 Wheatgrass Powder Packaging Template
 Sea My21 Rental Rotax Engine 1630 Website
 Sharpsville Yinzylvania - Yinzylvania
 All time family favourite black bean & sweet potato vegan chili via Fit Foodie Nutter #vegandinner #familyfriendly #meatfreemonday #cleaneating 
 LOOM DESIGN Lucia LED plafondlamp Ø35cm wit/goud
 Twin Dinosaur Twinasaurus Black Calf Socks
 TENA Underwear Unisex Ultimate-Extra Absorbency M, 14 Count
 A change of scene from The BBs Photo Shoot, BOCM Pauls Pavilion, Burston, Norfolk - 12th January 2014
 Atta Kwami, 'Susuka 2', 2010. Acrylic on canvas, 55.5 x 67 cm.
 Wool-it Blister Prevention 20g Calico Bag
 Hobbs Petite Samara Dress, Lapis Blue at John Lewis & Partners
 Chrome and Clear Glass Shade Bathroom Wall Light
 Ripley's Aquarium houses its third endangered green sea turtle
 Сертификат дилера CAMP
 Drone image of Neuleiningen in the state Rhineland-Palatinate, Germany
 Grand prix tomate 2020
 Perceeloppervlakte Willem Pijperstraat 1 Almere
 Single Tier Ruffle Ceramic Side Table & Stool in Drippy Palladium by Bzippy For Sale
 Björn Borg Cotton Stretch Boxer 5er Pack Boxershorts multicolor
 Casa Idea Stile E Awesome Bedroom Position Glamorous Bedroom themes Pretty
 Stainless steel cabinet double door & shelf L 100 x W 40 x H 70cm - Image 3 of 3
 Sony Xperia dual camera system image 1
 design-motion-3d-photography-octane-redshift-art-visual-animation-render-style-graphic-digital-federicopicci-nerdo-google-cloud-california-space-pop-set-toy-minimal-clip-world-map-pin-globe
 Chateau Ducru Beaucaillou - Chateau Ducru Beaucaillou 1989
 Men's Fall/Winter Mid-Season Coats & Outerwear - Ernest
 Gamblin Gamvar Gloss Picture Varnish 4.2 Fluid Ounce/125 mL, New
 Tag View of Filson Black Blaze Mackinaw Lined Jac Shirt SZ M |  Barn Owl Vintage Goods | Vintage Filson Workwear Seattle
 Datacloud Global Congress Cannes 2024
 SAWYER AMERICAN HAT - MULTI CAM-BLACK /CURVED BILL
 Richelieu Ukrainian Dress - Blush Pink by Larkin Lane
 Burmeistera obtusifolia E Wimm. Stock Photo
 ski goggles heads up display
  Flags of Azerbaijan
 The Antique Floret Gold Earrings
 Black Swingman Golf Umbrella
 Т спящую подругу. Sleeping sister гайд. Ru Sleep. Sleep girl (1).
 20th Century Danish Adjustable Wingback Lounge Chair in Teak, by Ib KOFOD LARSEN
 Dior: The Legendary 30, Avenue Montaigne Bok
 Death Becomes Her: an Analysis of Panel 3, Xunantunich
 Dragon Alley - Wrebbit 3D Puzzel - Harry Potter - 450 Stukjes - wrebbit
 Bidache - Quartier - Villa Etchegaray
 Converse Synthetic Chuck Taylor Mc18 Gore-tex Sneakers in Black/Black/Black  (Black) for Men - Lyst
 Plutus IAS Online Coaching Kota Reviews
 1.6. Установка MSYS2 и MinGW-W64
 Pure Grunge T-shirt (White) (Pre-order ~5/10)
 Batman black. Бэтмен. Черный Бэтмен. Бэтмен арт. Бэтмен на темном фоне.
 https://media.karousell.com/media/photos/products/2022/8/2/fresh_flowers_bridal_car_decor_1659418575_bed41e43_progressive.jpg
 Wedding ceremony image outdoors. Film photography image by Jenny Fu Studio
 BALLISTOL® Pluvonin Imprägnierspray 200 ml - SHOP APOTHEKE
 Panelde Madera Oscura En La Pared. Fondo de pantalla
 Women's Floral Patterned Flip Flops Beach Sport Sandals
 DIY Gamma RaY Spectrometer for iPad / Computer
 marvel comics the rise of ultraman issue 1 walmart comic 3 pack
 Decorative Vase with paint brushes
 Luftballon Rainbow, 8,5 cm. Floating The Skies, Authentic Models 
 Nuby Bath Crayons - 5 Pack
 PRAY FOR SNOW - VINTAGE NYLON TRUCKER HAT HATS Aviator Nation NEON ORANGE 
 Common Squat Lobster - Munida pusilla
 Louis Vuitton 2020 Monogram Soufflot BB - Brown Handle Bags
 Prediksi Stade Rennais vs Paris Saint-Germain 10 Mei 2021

Task to complete
For each entry above, please make an exact copy.

Expected answer
 Wheatgrass Powder Packaging Template
 Sea My21 Rental Rotax Engine 1630 Website
 Sharpsville Yinzylvania - Yinzylvania
 All time family favourite black bean & sweet potato vegan chili via Fit Foodie Nutter #vegandinner #familyfriendly #meatfreemonday #cleaneating 
 LOOM DESIGN Lucia LED plafondlamp Ø35cm wit/goud
 Twin Dinosaur Twinasaurus Black Calf Socks
 TENA Underwear Unisex Ultimate-Extra Absorbency M, 14 Count
 A change of scene from The BBs Photo Shoot, BOCM Pauls Pavilion, Burston, Norfolk - 12th January 2014
 Atta Kwami, 'Susuka 2', 2010. Acrylic on canvas, 55.5 x 67 cm.
 Wool-it Blister Prevention 20g Calico Bag
 Hobbs Petite Samara Dress, Lapis Blue at John Lewis & Partners
 Chrome and Clear Glass Shade Bathroom Wall Light
 Ripley's Aquarium houses its third endangered green sea turtle
 Сертификат дилера CAMP
 Drone image of Neuleiningen in the state Rhineland-Palatinate, Germany
 Grand prix tomate 2020
 Perceeloppervlakte Willem Pijperstraat 1 Almere
 Single Tier Ruffle Ceramic Side Table & Stool in Drippy Palladium by Bzippy For Sale
 Björn Borg Cotton Stretch Boxer 5er Pack Boxershorts multicolor
 Casa Idea Stile E Awesome Bedroom Position Glamorous Bedroom themes Pretty
 Stainless steel cabinet double door & shelf L 100 x W 40 x H 70cm - Image 3 of 3
 Sony Xperia dual camera system image 1
 design-motion-3d-photography-octane-redshift-art-visual-animation-render-style-graphic-digital-federicopicci-nerdo-google-cloud-california-space-pop-set-toy-minimal-clip-world-map-pin-globe
 Chateau Ducru Beaucaillou - Chateau Ducru Beaucaillou 1989
 Men's Fall/Winter Mid-Season Coats & Outerwear - Ernest
 Gamblin Gamvar Gloss Picture Varnish 4.2 Fluid Ounce/125 mL, New
 Tag View of Filson Black Blaze Mackinaw Lined Jac Shirt SZ M |  Barn Owl Vintage Goods | Vintage Filson Workwear Seattle
 Datacloud Global Congress Cannes 2024
 SAWYER AMERICAN HAT - MULTI CAM-BLACK /CURVED BILL
 Richelieu Ukrainian Dress - Blush Pink by Larkin Lane
 Burmeistera obtusifolia E Wimm. Stock Photo
 ski goggles heads up display
  Flags of Azerbaijan
 The Antique Floret Gold Earrings
 Black Swingman Golf Umbrella
 Т спящую подругу. Sleeping sister гайд. Ru Sleep. Sleep girl (1).
 20th Century Danish Adjustable Wingback Lounge Chair in Teak, by Ib KOFOD LARSEN
 Dior: The Legendary 30, Avenue Montaigne Bok
 Death Becomes Her: an Analysis of Panel 3, Xunantunich
 Dragon Alley - Wrebbit 3D Puzzel - Harry Potter - 450 Stukjes - wrebbit
 Bidache - Quartier - Villa Etchegaray
 Converse Synthetic Chuck Taylor Mc18 Gore-tex Sneakers in Black/Black/Black  (Black) for Men - Lyst
 Plutus IAS Online Coaching Kota Reviews
 1.6. Установка MSYS2 и MinGW-W64
 Pure Grunge T-shirt (White) (Pre-order ~5/10)
 Batman black. Бэтмен. Черный Бэтмен. Бэтмен арт. Бэтмен на темном фоне.
 https://media.karousell.com/media/photos/products/2022/8/2/fresh_flowers_bridal_car_decor_1659418575_bed41e43_progressive.jpg
 Wedding ceremony image outdoors. Film photography image by Jenny Fu Studio
 BALLISTOL® Pluvonin Imprägnierspray 200 ml - SHOP APOTHEKE
 Panelde Madera Oscura En La Pared. Fondo de pantalla
 Women's Floral Patterned Flip Flops Beach Sport Sandals
 DIY Gamma RaY Spectrometer for iPad / Computer
 marvel comics the rise of ultraman issue 1 walmart comic 3 pack
 Decorative Vase with paint brushes
 Luftballon Rainbow, 8,5 cm. Floating The Skies, Authentic Models 
 Nuby Bath Crayons - 5 Pack
 PRAY FOR SNOW - VINTAGE NYLON TRUCKER HAT HATS Aviator Nation NEON ORANGE 
 Common Squat Lobster - Munida pusilla
 Louis Vuitton 2020 Monogram Soufflot BB - Brown Handle Bags
 Prediksi Stade Rennais vs Paris Saint-Germain 10 Mei 2021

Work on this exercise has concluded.